**Data block**
BEGIN
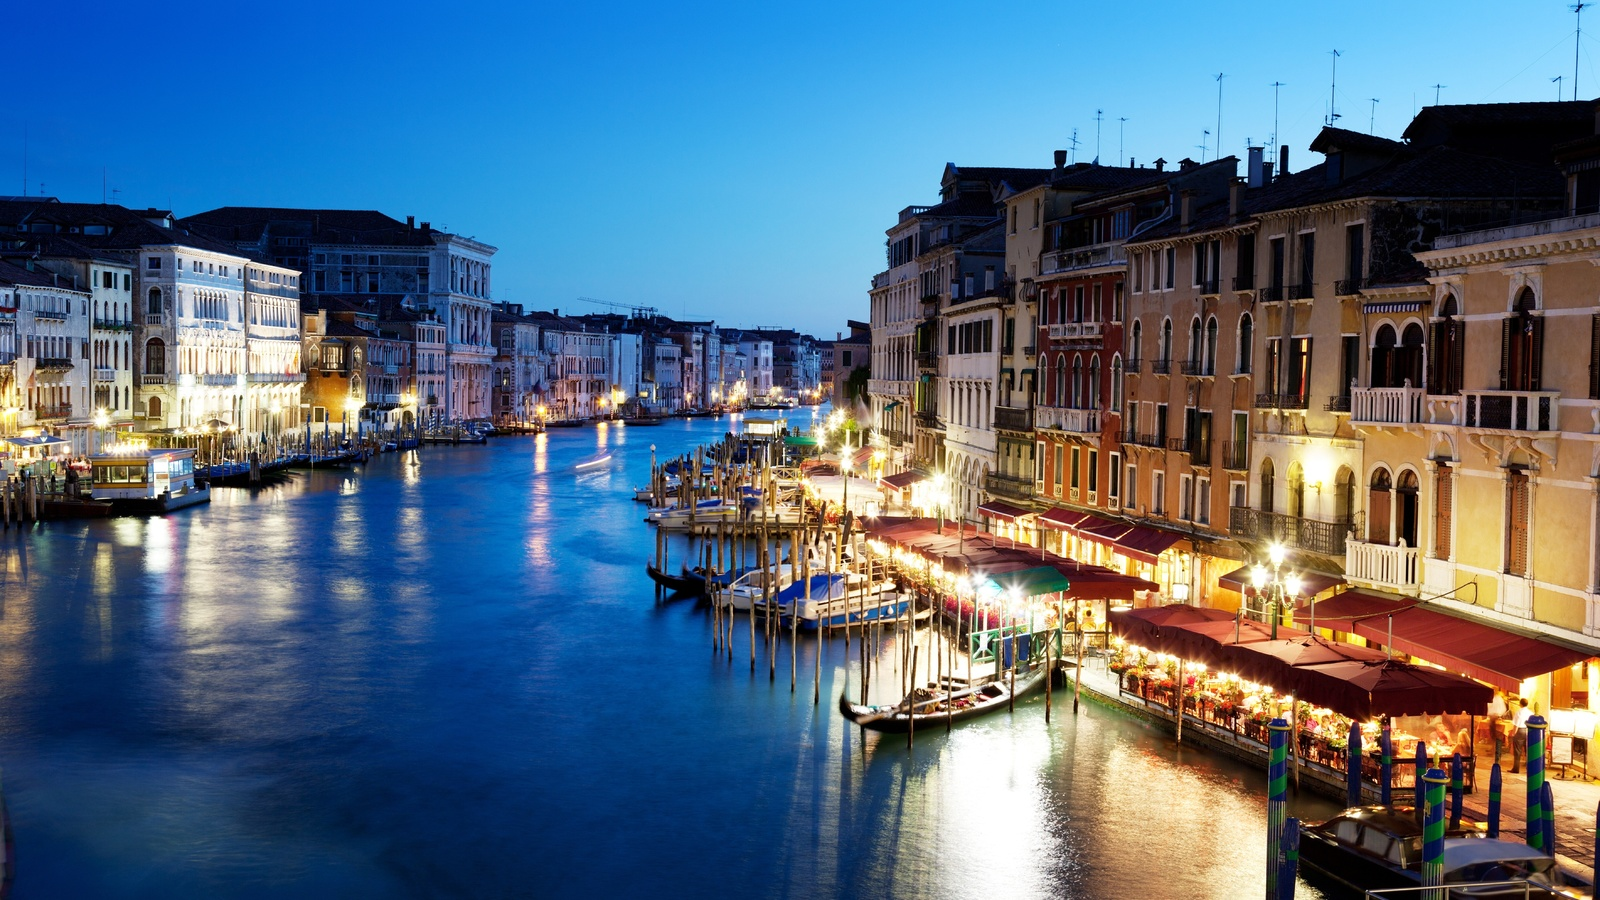 Гранд-канал, canal grande, венеция, venice, italy, вечер, италия
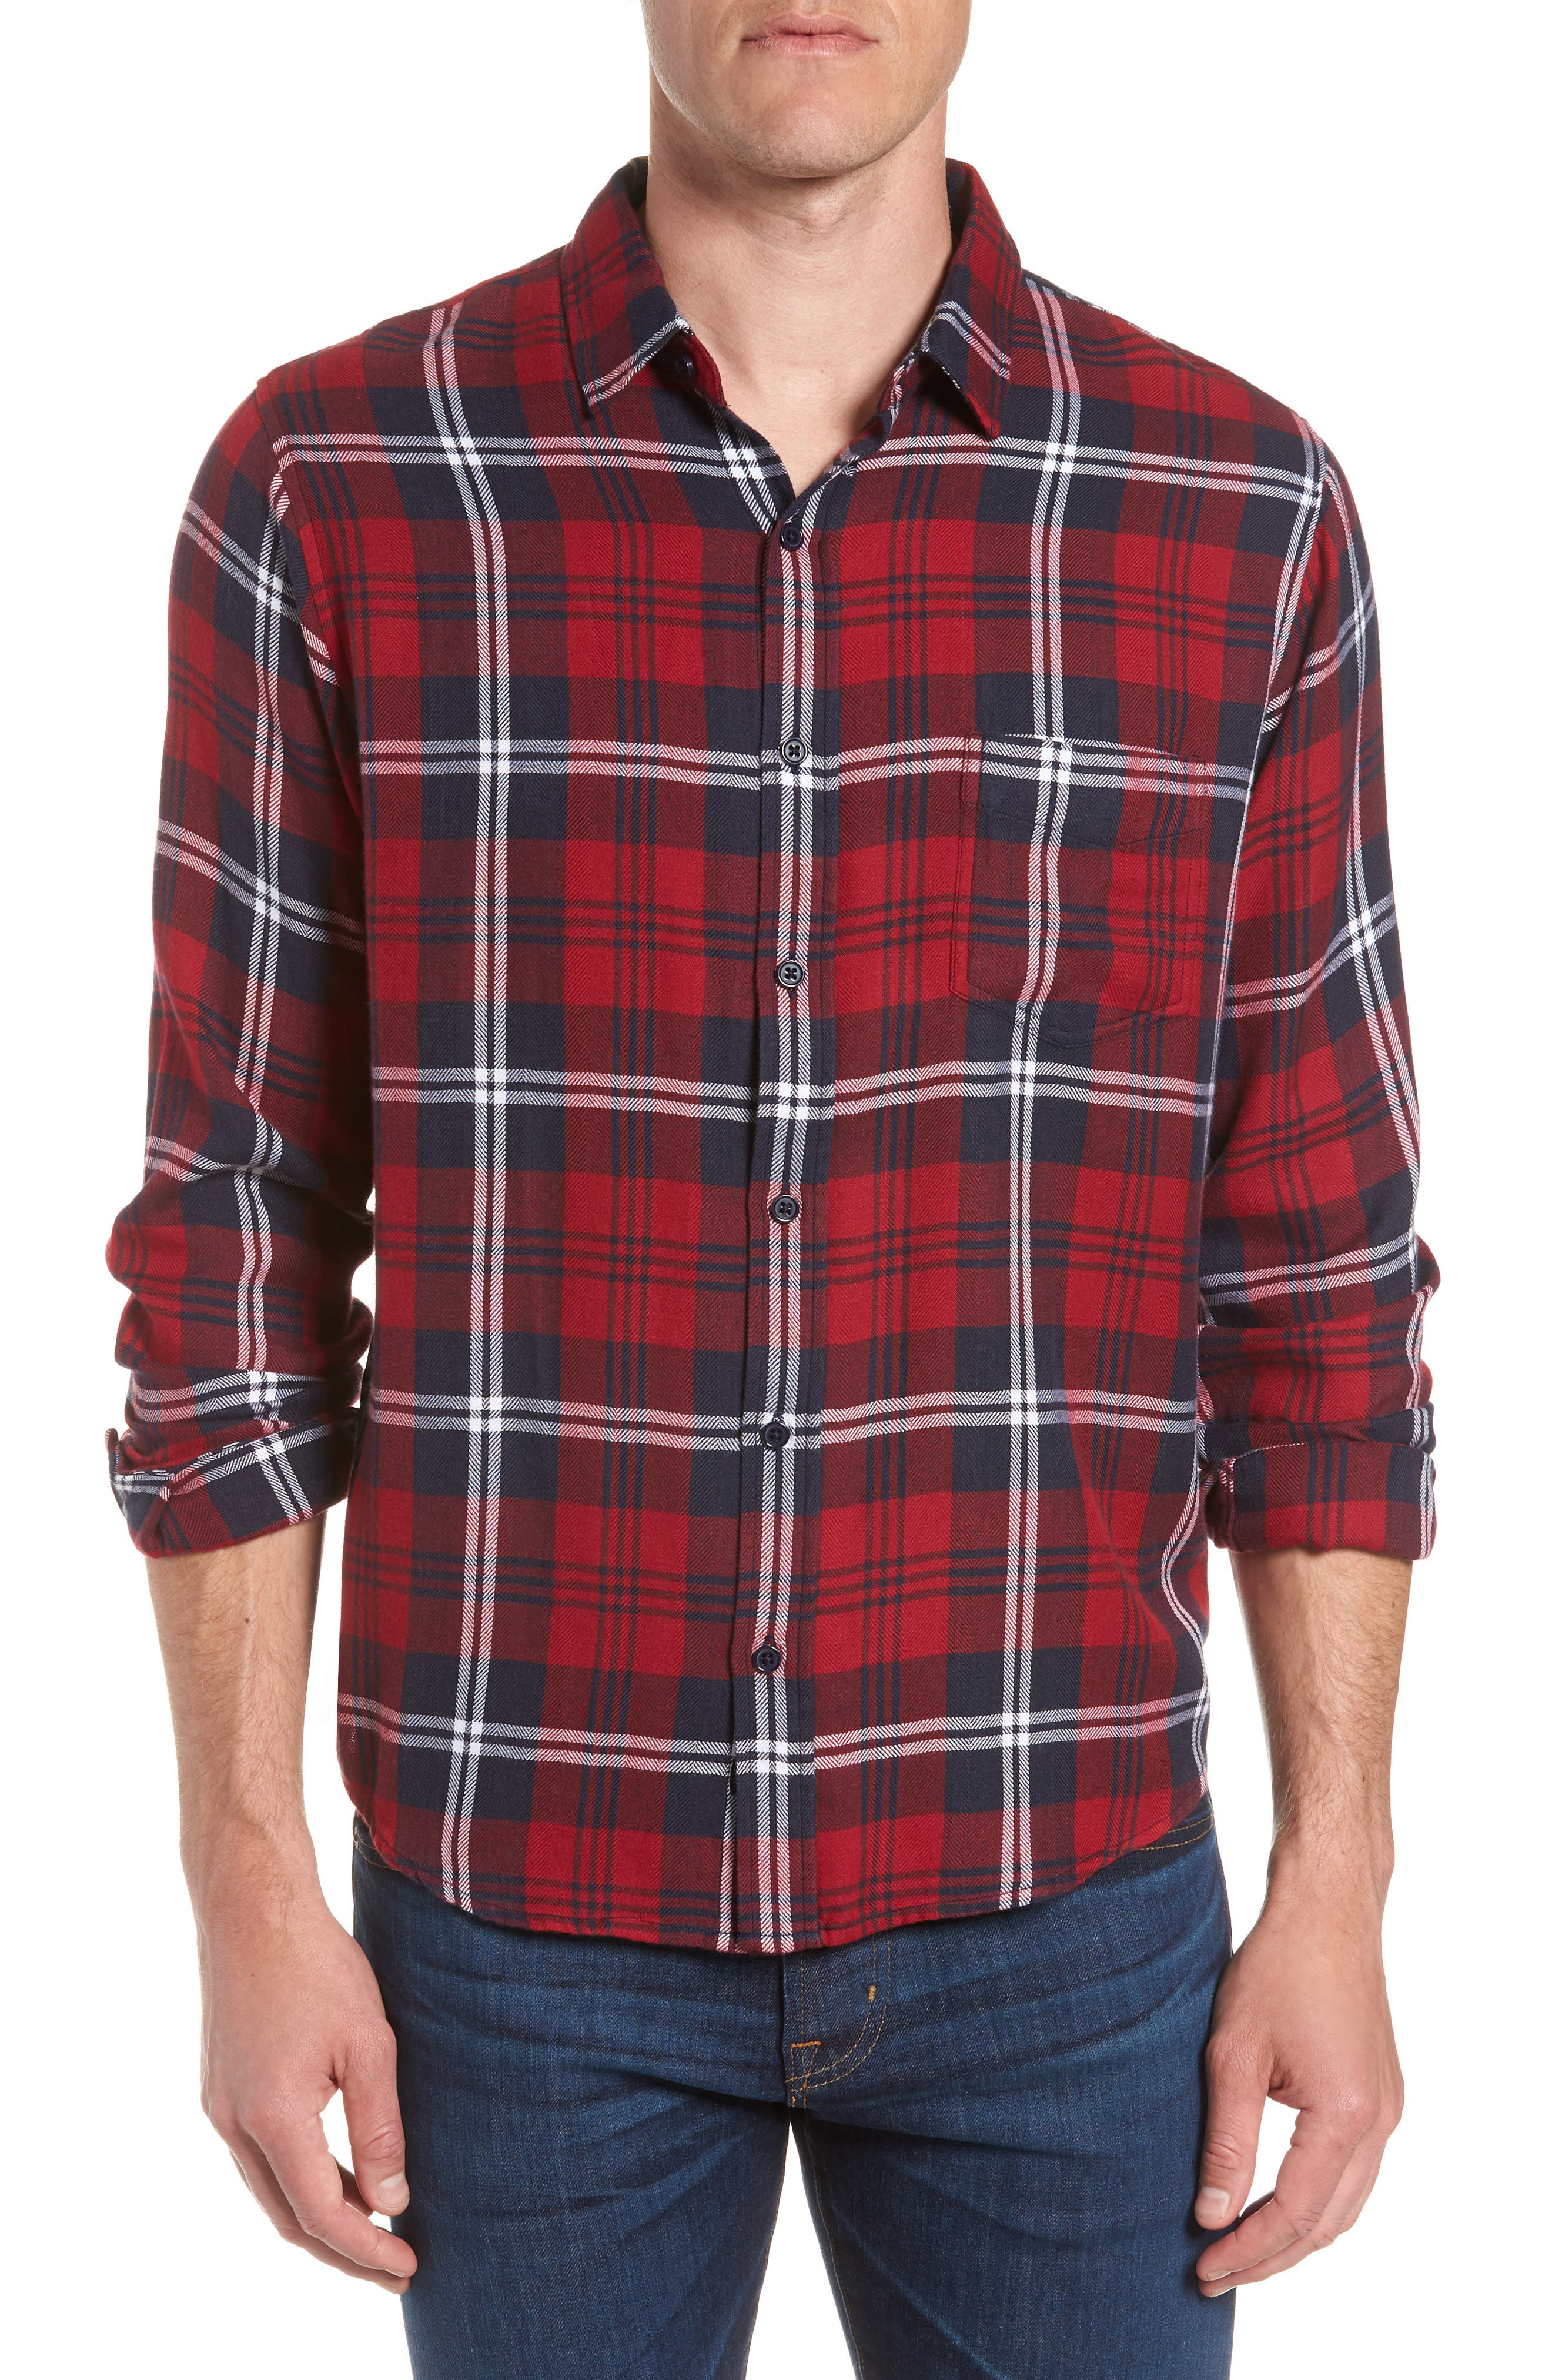 Lennox Sport Shirt,                             Main thumbnail 1, color,                             Red/ Navy/ White
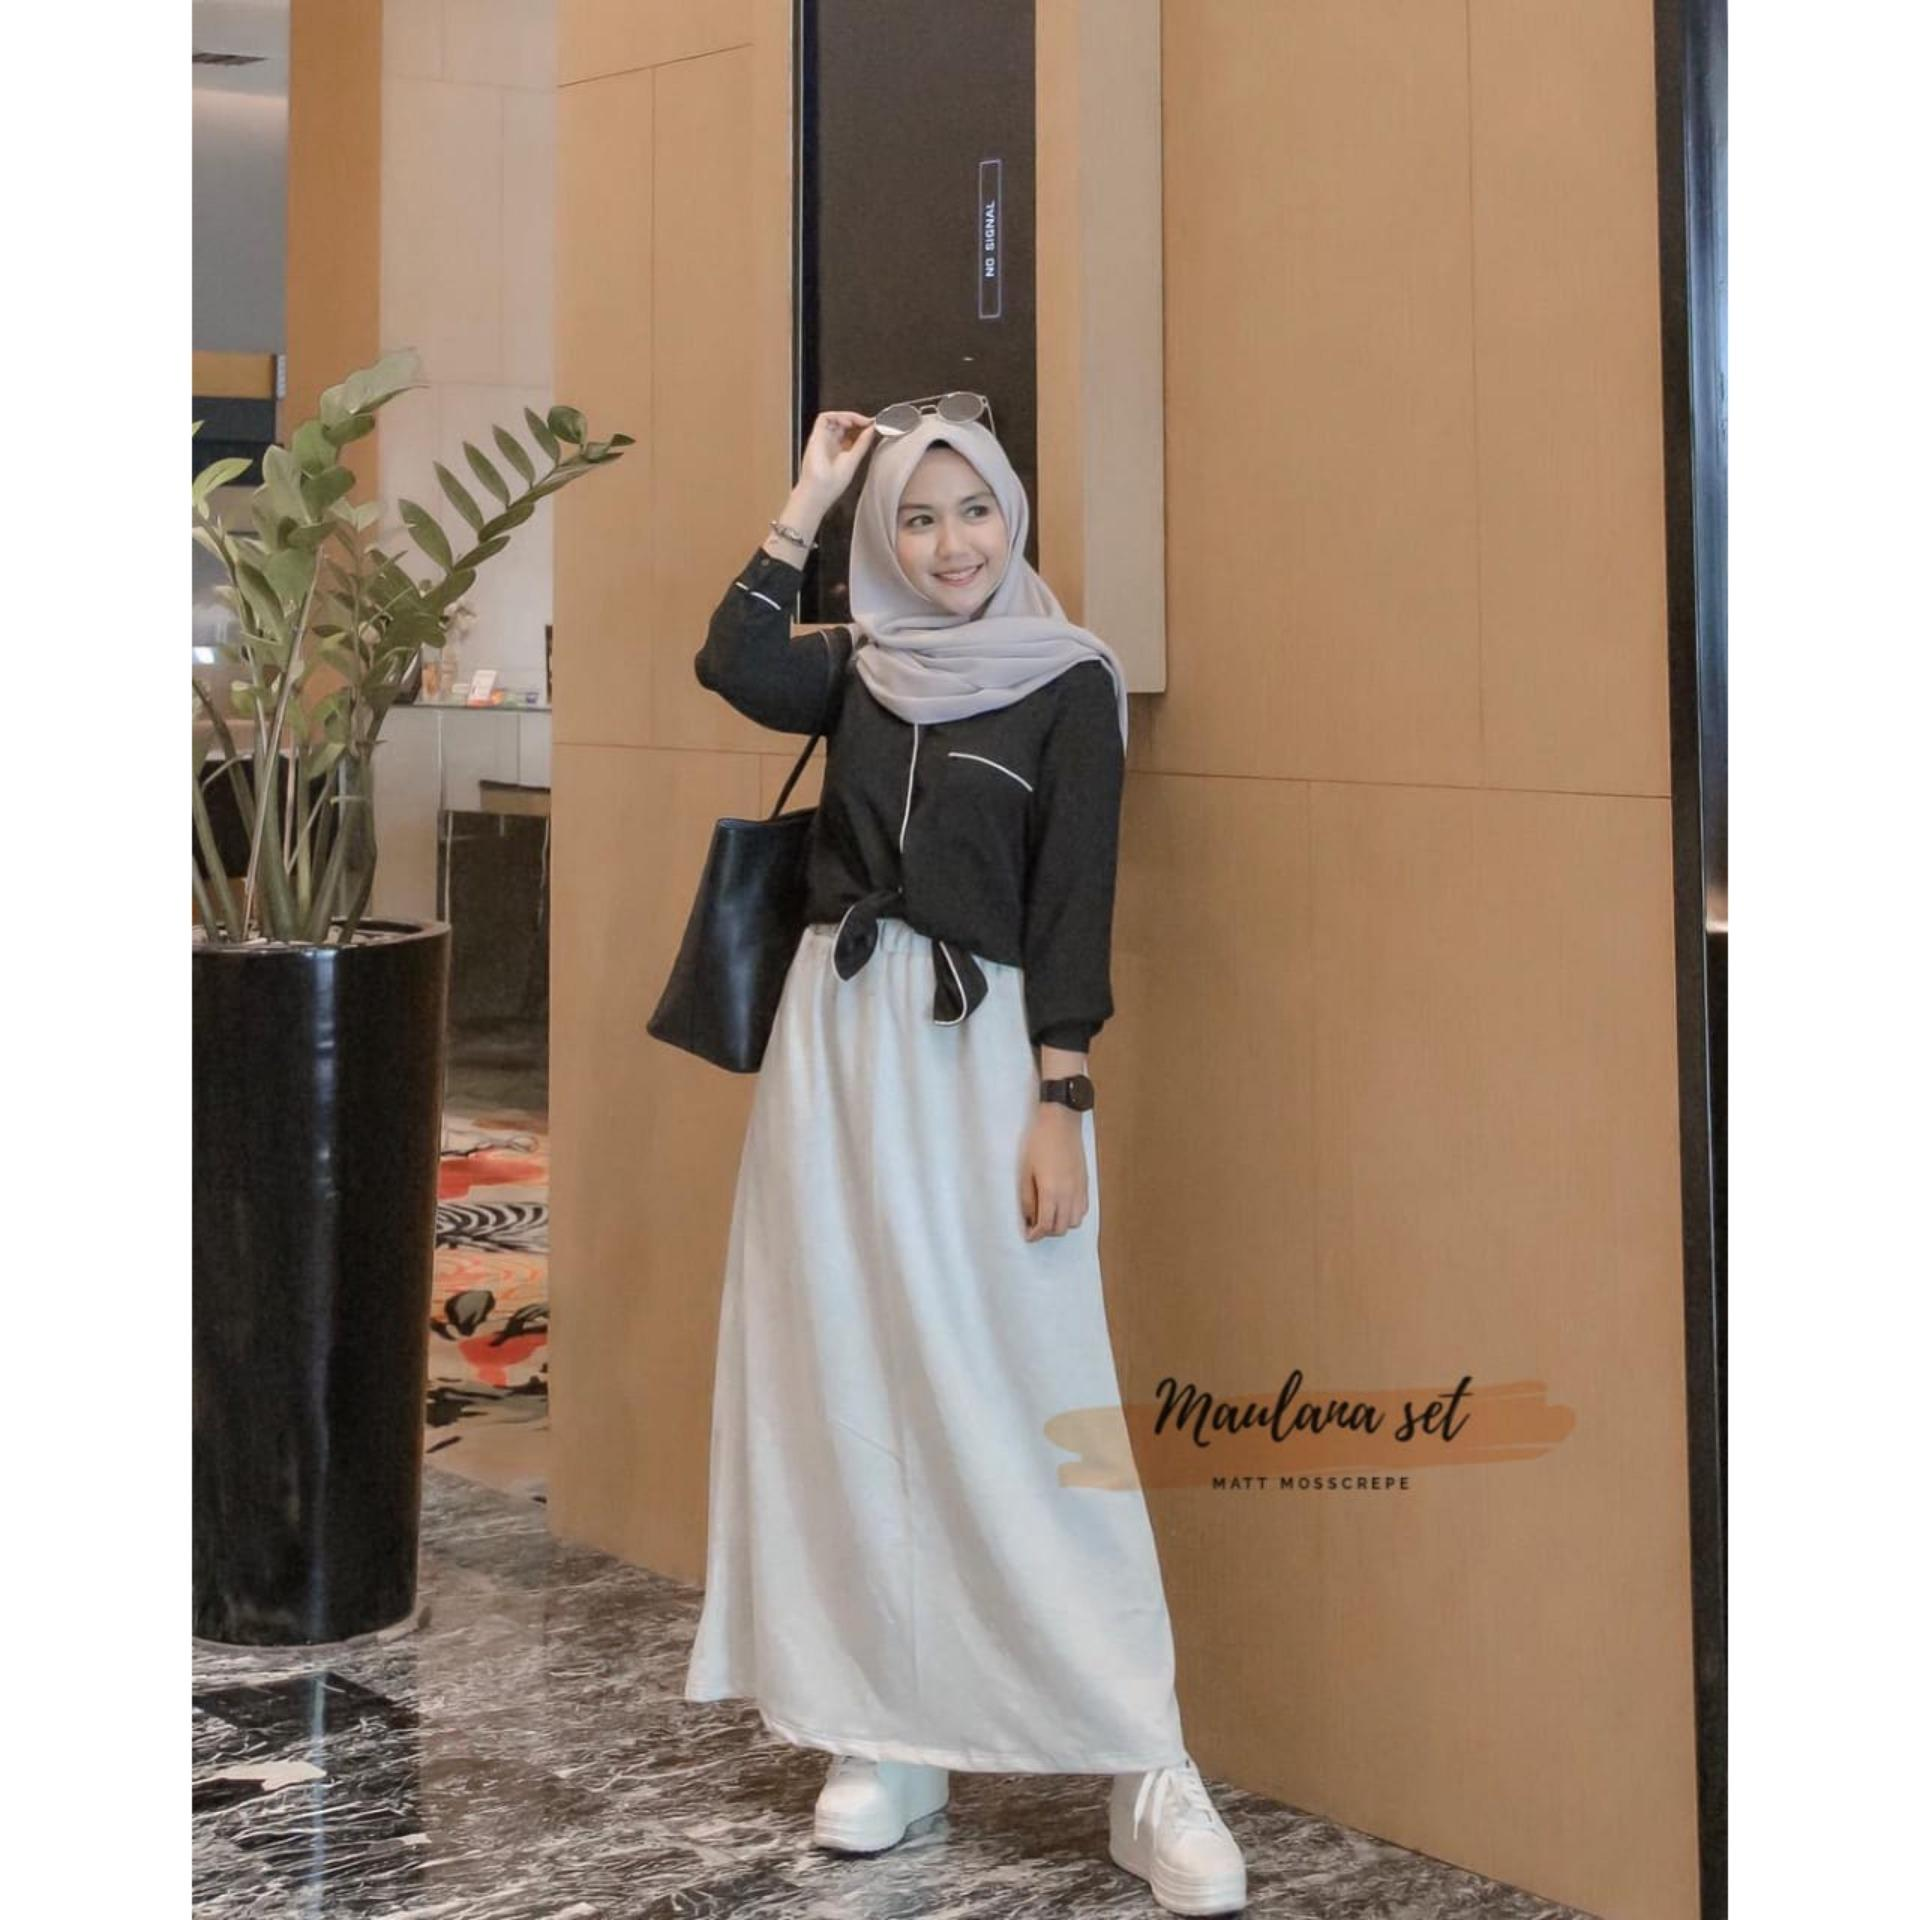 Baju Muslim Modern Setelan Maulana Set Mosscrepe Baju Atasan Casual Baju +  Rok Modern Wanita Setelan c8bfcc3777
END
**What you are asked to do**
Your job is to repeat the data exactly, leaving each picture out.

**Response to the task**
 Гранд-канал, canal grande, венеция, venice, italy, вечер, италия
 Lennox Sport Shirt,                             Main thumbnail 1, color,                             Red/ Navy/ White
 Baju Muslim Modern Setelan Maulana Set Mosscrepe Baju Atasan Casual Baju +  Rok Modern Wanita Setelan c8bfcc3777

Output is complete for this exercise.